# A Quickie: Manipulating Records in Amulet

Amulet, unlike some other languages, has records figured out. Much like in ML (and PureScript), they are their own, first-class entities in the language as opposed to being syntax sugar for defining a product constructor and projection functions.

### Records are good

Being entities in the language, it’s logical to characterize them by their introduction and elimination judgements^{1}.

Records are introduced with record literals:

\[ \frac{ \Gamma \vdash \overline{e \downarrow \tau} }{ \Gamma \vdash \{ \overline{\mathtt{x} = e} \} \downarrow \{ \overline{\mathtt{x} : \tau} \} } \]

And eliminated by projecting a single field:

\[ \frac{ \Gamma \vdash r \downarrow \{ \alpha | \mathtt{x} : \tau \} }{ \Gamma \vdash r.\mathtt{x} \uparrow \tau } \]

Records also support monomorphic update:

\[ \frac{ \Gamma \vdash r \downarrow \{ \alpha | \mathtt{x} : \tau \} \quad \Gamma \vdash e \downarrow \tau }{ \Gamma \vdash \{ r\ \mathtt{with\ x} = e \} \downarrow \{ \alpha | \mathtt{x} : \tau \} } \]

### Records are.. kinda bad?

Unfortunately, the rather minimalistic vocabulary for talking about records makes them slightly worthless.

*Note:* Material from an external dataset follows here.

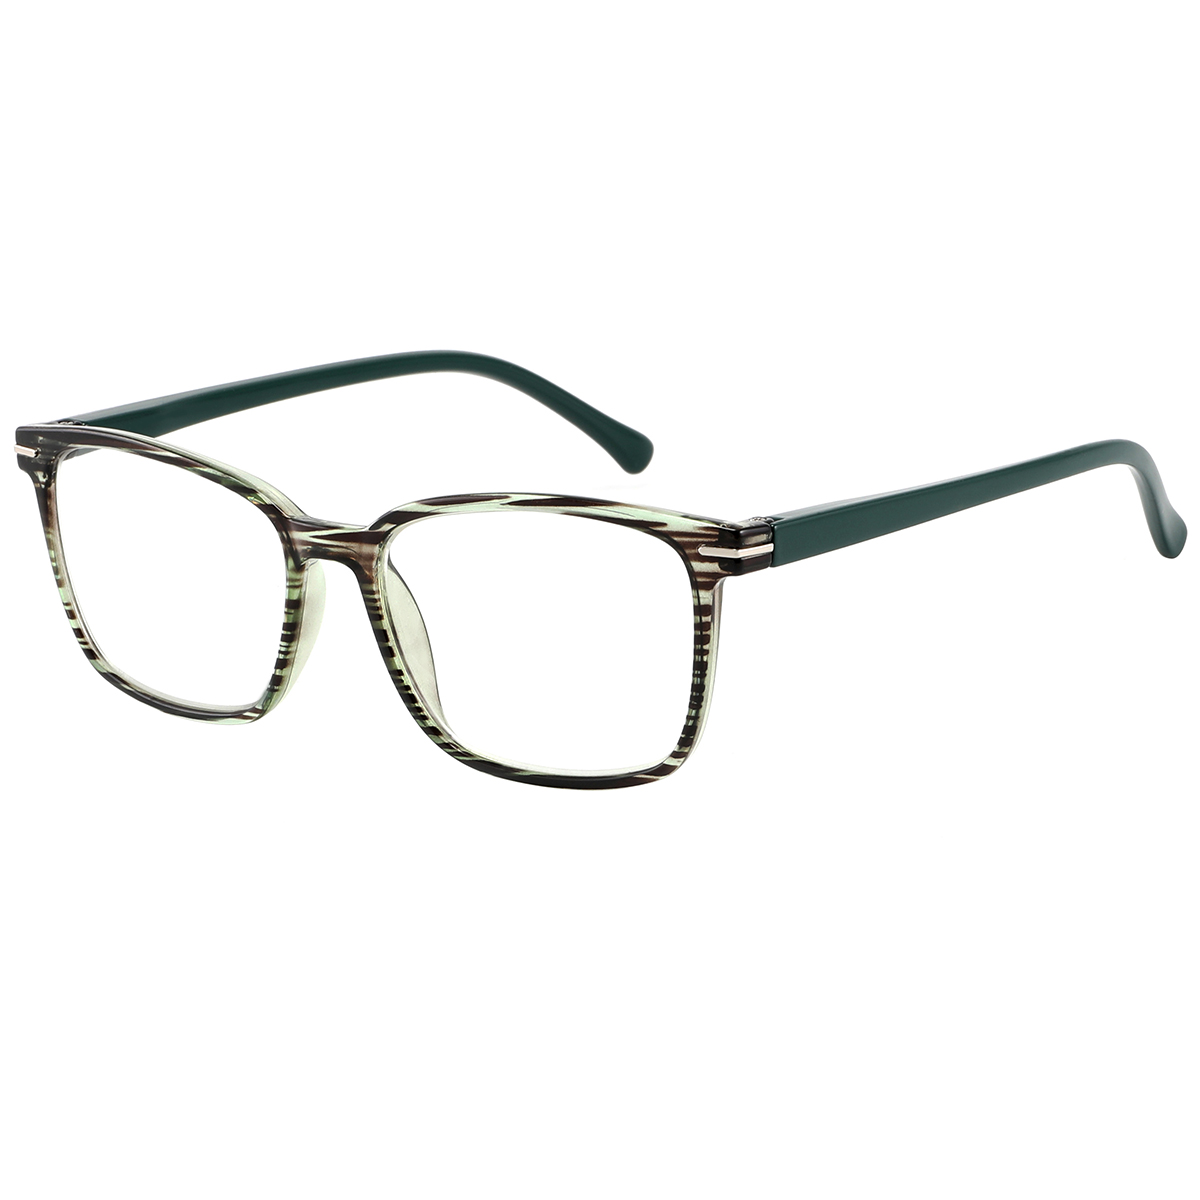 Getae - Square Green Reading Glasses for Men & Women
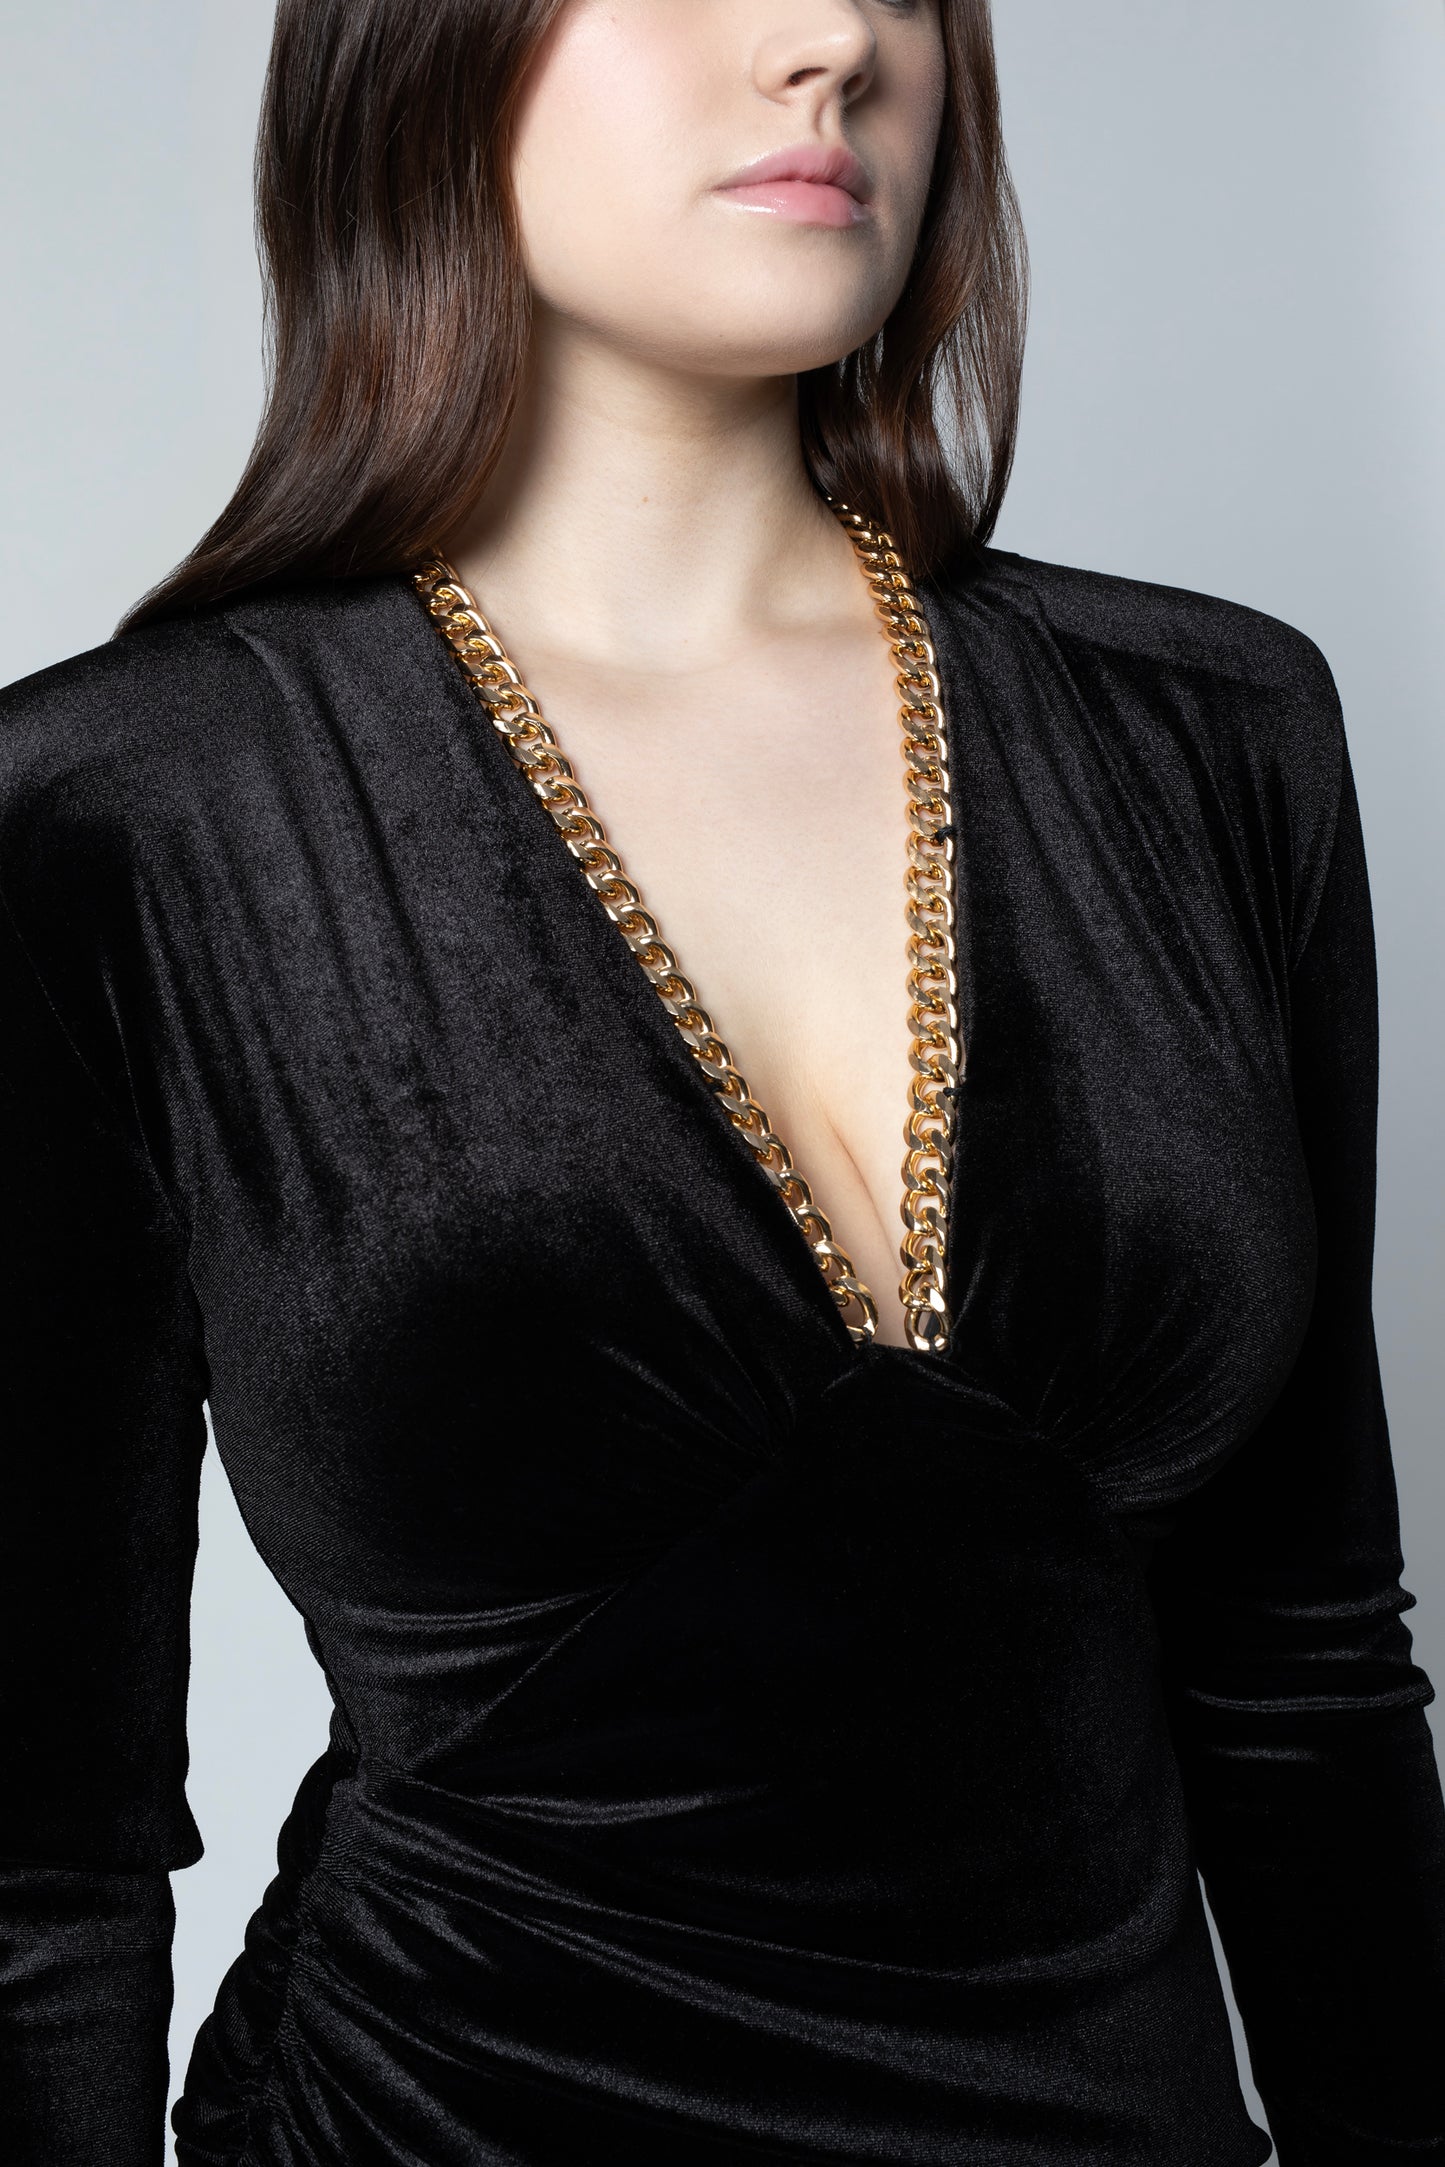 Black velvet chain dress

There’s no way to extend a record, or to remove a key; Changing the type of a key is also forbidden, with the only workaround being enumerating all of the keys you *don’t* want to change.

And, rather amusingly, given the trash-talking I pulled in the first paragraph, updating nested records is still a nightmare.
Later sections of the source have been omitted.